Task objective: The data must be given again in full, with no line altered.

Exercise input:

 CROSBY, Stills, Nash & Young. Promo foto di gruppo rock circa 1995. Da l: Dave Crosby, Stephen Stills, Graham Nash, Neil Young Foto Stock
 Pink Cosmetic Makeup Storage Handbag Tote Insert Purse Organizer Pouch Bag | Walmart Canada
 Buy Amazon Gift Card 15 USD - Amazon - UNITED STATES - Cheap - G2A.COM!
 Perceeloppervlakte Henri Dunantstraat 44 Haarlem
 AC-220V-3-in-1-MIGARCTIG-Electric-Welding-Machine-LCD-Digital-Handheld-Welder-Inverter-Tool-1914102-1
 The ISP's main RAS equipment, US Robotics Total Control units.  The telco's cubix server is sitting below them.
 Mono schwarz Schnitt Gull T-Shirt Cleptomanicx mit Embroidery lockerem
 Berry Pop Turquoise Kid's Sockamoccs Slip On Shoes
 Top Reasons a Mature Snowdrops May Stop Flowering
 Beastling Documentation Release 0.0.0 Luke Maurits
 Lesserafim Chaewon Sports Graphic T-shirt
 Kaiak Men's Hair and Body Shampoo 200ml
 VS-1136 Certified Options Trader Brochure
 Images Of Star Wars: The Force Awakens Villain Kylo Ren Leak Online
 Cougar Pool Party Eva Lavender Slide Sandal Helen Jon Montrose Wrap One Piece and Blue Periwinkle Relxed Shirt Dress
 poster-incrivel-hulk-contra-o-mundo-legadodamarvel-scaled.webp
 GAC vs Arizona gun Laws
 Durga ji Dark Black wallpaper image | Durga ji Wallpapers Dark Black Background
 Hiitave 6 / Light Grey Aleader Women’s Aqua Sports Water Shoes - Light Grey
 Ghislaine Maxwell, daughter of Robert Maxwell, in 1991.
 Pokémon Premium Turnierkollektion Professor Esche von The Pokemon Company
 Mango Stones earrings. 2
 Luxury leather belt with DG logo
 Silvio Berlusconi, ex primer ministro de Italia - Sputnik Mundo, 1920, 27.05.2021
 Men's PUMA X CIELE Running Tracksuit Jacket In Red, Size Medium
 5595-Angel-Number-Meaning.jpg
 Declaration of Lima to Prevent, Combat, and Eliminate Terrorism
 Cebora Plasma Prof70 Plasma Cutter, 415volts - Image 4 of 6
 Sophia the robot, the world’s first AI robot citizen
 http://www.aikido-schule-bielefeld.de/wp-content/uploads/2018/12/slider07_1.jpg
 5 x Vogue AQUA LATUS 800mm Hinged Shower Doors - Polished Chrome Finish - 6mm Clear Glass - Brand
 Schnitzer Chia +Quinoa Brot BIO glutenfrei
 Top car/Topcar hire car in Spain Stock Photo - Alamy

Reply to the task:
 CROSBY, Stills, Nash & Young. Promo foto di gruppo rock circa 1995. Da l: Dave Crosby, Stephen Stills, Graham Nash, Neil Young Foto Stock
 Pink Cosmetic Makeup Storage Handbag Tote Insert Purse Organizer Pouch Bag | Walmart Canada
 Buy Amazon Gift Card 15 USD - Amazon - UNITED STATES - Cheap - G2A.COM!
 Perceeloppervlakte Henri Dunantstraat 44 Haarlem
 AC-220V-3-in-1-MIGARCTIG-Electric-Welding-Machine-LCD-Digital-Handheld-Welder-Inverter-Tool-1914102-1
 The ISP's main RAS equipment, US Robotics Total Control units.  The telco's cubix server is sitting below them.
 Mono schwarz Schnitt Gull T-Shirt Cleptomanicx mit Embroidery lockerem
 Berry Pop Turquoise Kid's Sockamoccs Slip On Shoes
 Top Reasons a Mature Snowdrops May Stop Flowering
 Beastling Documentation Release 0.0.0 Luke Maurits
 Lesserafim Chaewon Sports Graphic T-shirt
 Kaiak Men's Hair and Body Shampoo 200ml
 VS-1136 Certified Options Trader Brochure
 Images Of Star Wars: The Force Awakens Villain Kylo Ren Leak Online
 Cougar Pool Party Eva Lavender Slide Sandal Helen Jon Montrose Wrap One Piece and Blue Periwinkle Relxed Shirt Dress
 poster-incrivel-hulk-contra-o-mundo-legadodamarvel-scaled.webp
 GAC vs Arizona gun Laws
 Durga ji Dark Black wallpaper image | Durga ji Wallpapers Dark Black Background
 Hiitave 6 / Light Grey Aleader Women’s Aqua Sports Water Shoes - Light Grey
 Ghislaine Maxwell, daughter of Robert Maxwell, in 1991.
 Pokémon Premium Turnierkollektion Professor Esche von The Pokemon Company
 Mango Stones earrings. 2
 Luxury leather belt with DG logo
 Silvio Berlusconi, ex primer ministro de Italia - Sputnik Mundo, 1920, 27.05.2021
 Men's PUMA X CIELE Running Tracksuit Jacket In Red, Size Medium
 5595-Angel-Number-Meaning.jpg
 Declaration of Lima to Prevent, Combat, and Eliminate Terrorism
 Cebora Plasma Prof70 Plasma Cutter, 415volts - Image 4 of 6
 Sophia the robot, the world’s first AI robot citizen
 http://www.aikido-schule-bielefeld.de/wp-content/uploads/2018/12/slider07_1.jpg
 5 x Vogue AQUA LATUS 800mm Hinged Shower Doors - Polished Chrome Finish - 6mm Clear Glass - Brand
 Schnitzer Chia +Quinoa Brot BIO glutenfrei
 Top car/Topcar hire car in Spain Stock Photo - Alamy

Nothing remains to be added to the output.